■ What this task involves
Starting with the line that has "unfinished stegosaur by uialwen" and finishing with the line that has "Appartamento in vendita", set down each line below exactly. Pictures are not copied.

■ Extracted material
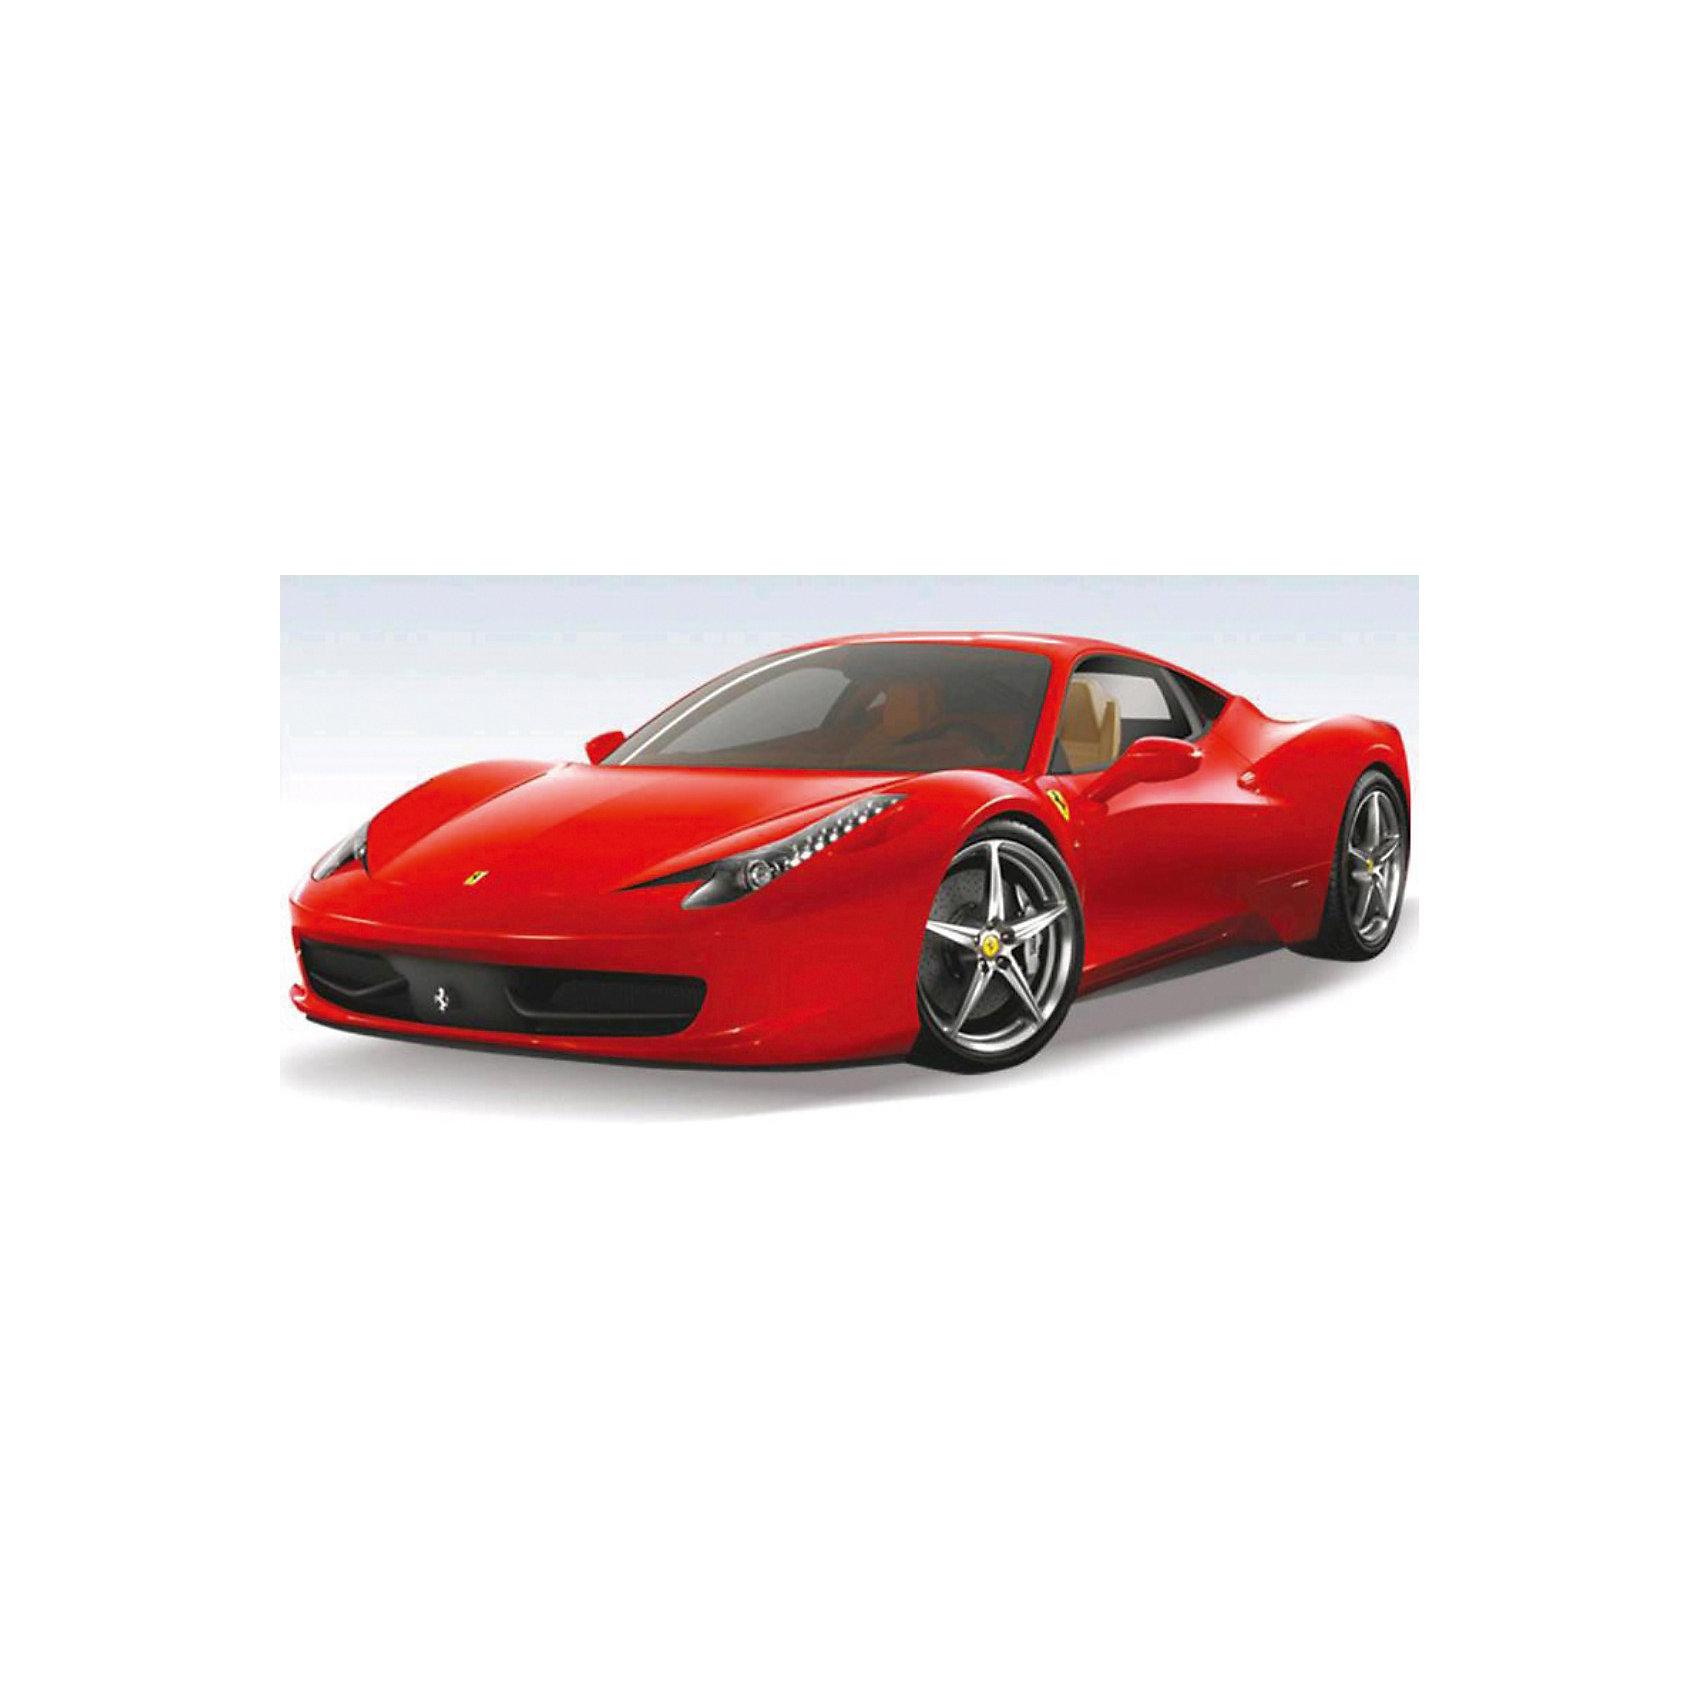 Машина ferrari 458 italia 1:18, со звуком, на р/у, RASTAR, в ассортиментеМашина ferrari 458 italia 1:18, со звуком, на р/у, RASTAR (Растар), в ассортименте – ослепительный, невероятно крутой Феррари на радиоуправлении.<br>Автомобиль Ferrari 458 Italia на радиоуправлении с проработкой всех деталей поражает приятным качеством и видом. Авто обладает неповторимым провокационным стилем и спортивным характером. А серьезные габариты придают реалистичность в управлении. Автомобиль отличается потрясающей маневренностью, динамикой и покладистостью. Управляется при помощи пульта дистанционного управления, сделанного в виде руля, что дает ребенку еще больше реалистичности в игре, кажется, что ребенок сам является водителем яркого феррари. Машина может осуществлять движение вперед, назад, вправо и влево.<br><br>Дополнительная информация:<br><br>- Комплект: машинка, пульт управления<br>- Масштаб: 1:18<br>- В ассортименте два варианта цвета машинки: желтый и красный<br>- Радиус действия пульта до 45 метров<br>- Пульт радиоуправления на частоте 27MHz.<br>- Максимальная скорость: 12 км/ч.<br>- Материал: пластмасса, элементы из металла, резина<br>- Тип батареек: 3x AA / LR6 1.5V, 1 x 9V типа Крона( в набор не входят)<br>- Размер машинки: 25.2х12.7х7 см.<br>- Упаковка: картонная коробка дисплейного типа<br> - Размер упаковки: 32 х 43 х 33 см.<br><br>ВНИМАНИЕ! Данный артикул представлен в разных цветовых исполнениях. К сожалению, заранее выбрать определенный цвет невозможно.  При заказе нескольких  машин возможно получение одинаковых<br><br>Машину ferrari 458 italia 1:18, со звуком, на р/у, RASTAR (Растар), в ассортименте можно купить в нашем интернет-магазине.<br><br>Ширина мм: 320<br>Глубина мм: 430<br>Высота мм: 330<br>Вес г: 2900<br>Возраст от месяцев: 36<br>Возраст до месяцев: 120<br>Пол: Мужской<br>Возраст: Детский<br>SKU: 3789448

--

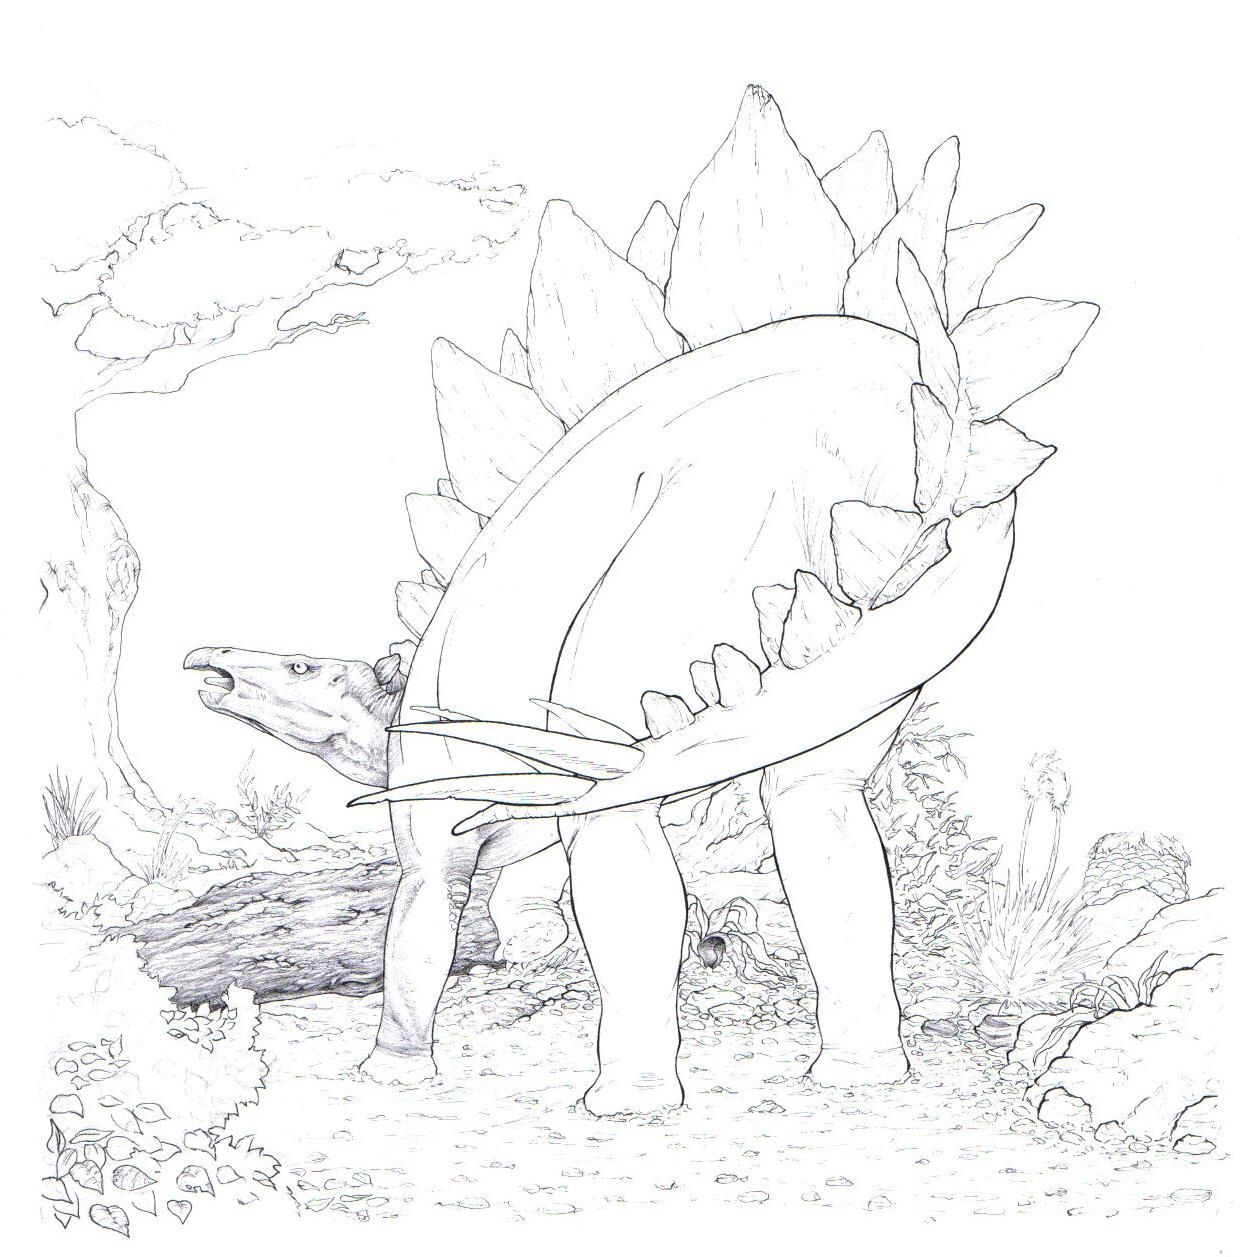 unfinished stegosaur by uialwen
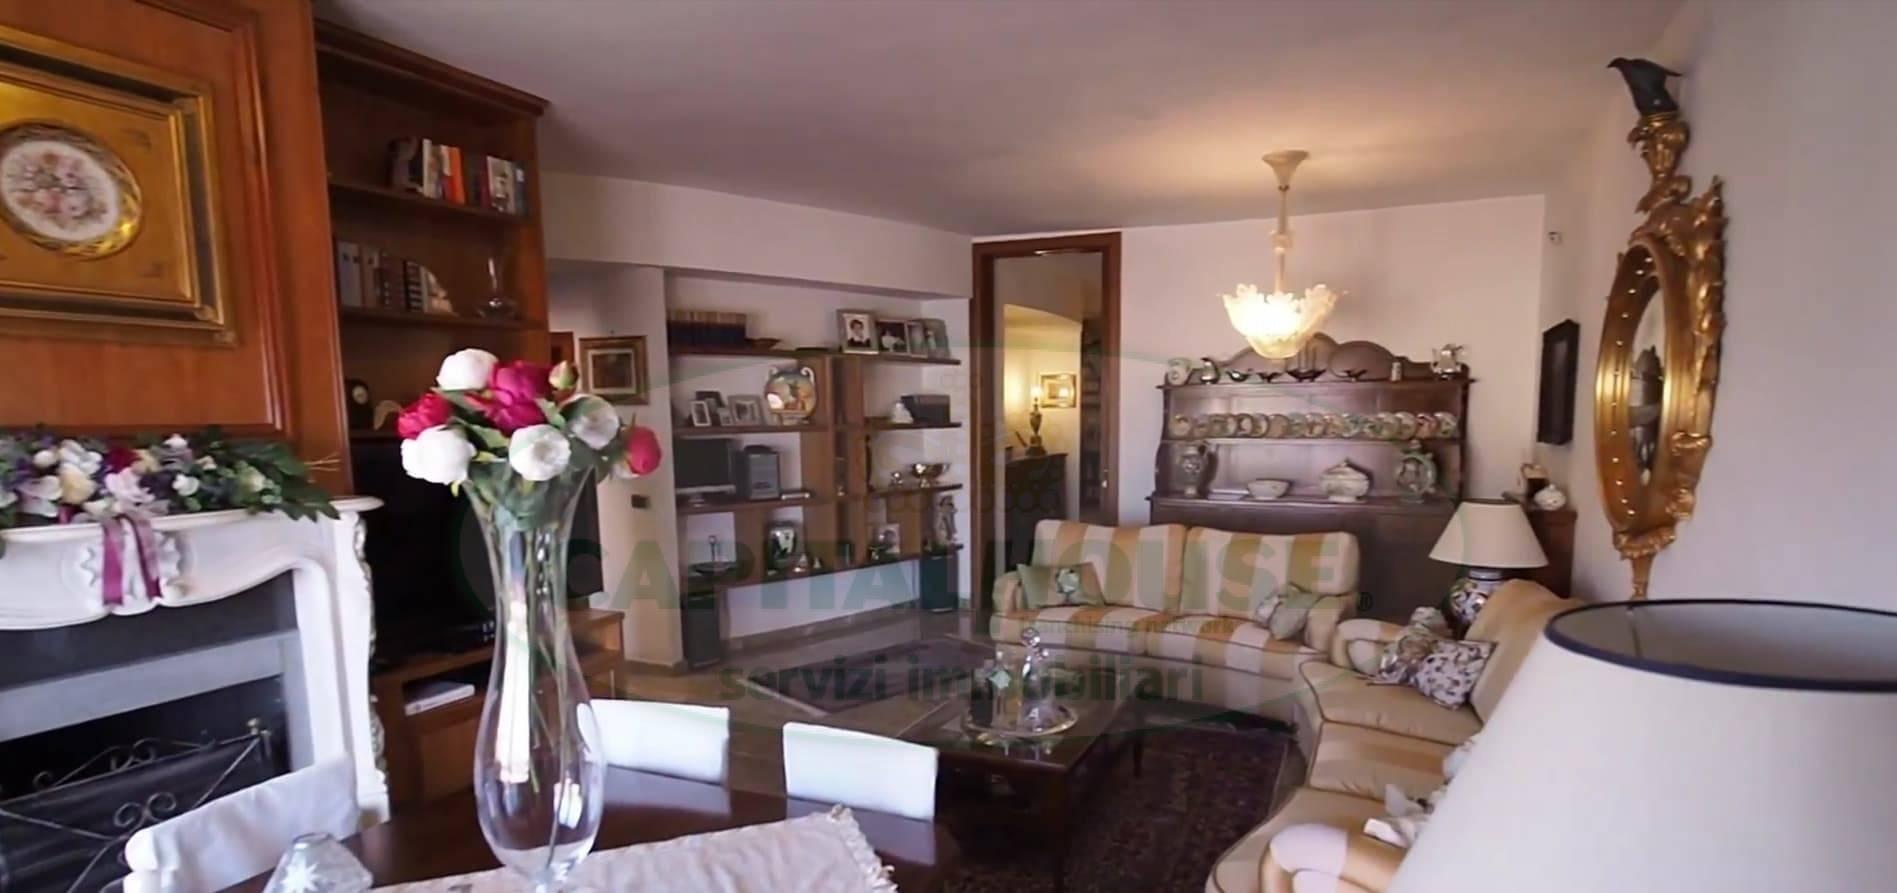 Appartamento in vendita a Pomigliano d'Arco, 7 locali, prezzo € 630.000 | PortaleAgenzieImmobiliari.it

---

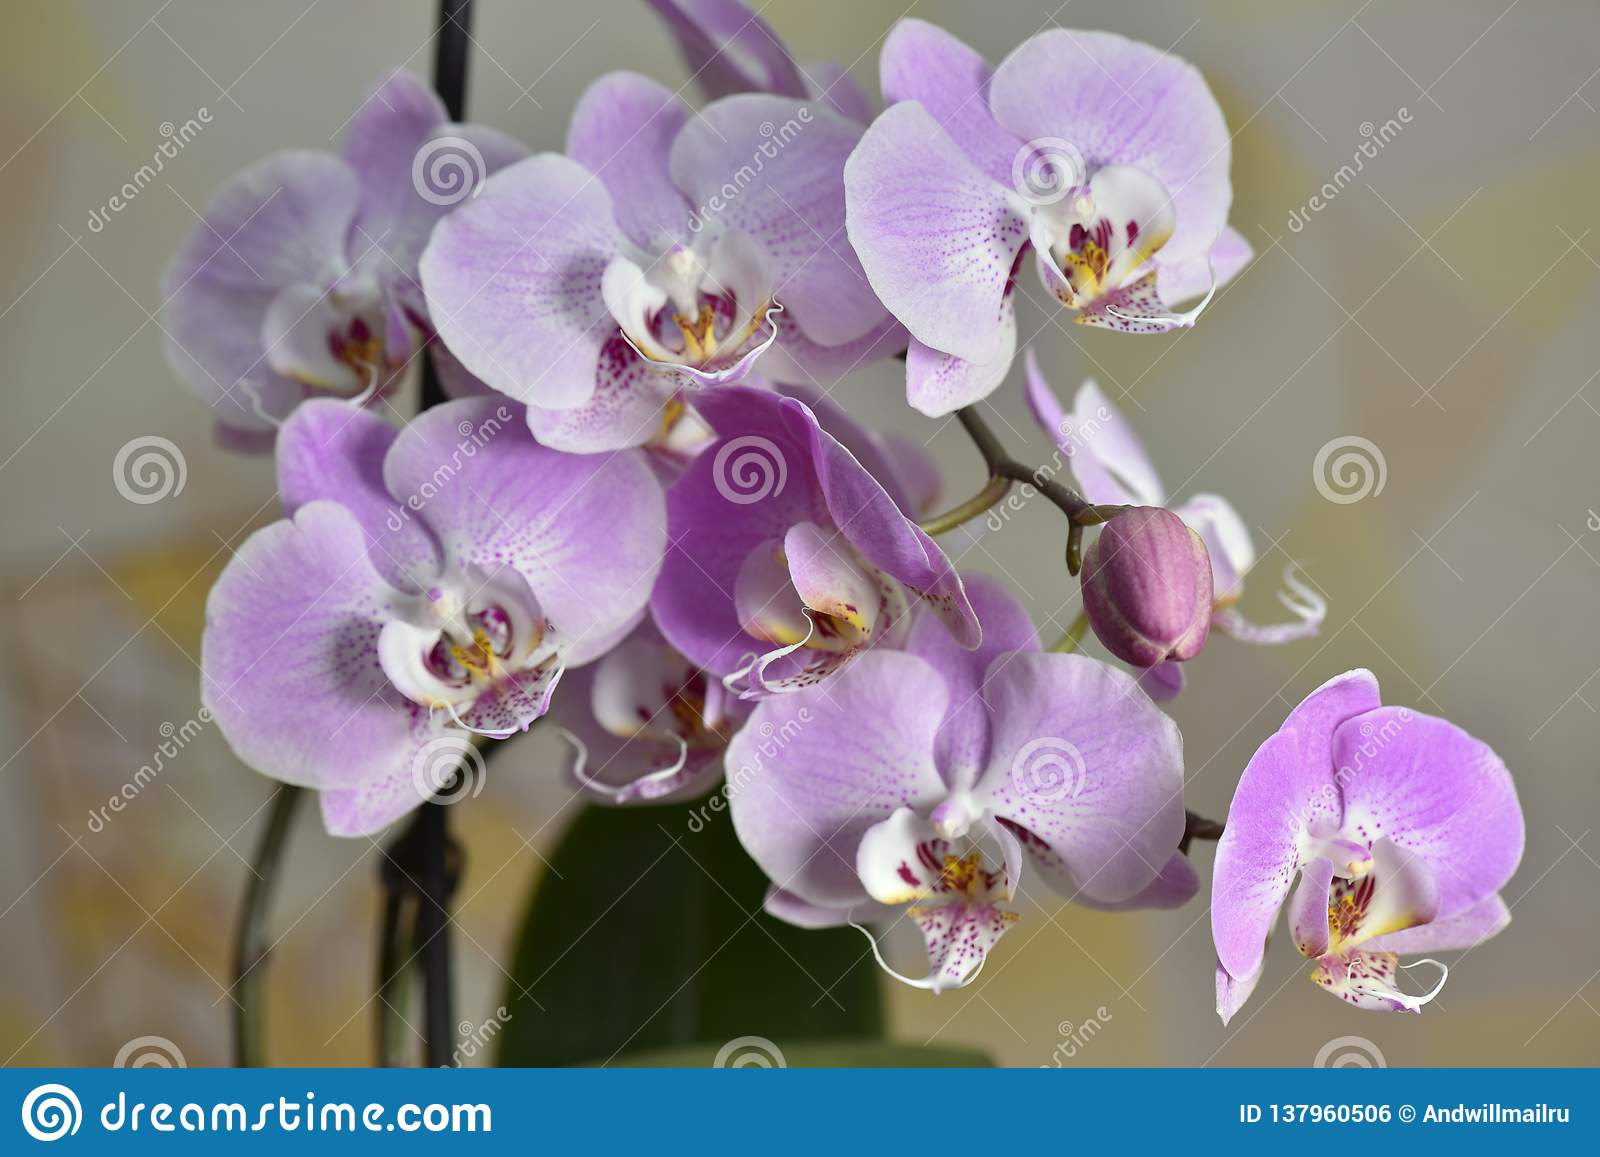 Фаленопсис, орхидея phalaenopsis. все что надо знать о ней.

■ Solved problem
 unfinished stegosaur by uialwen
 Appartamento in vendita a Pomigliano d'Arco, 7 locali, prezzo € 630.000 | PortaleAgenzieImmobiliari.it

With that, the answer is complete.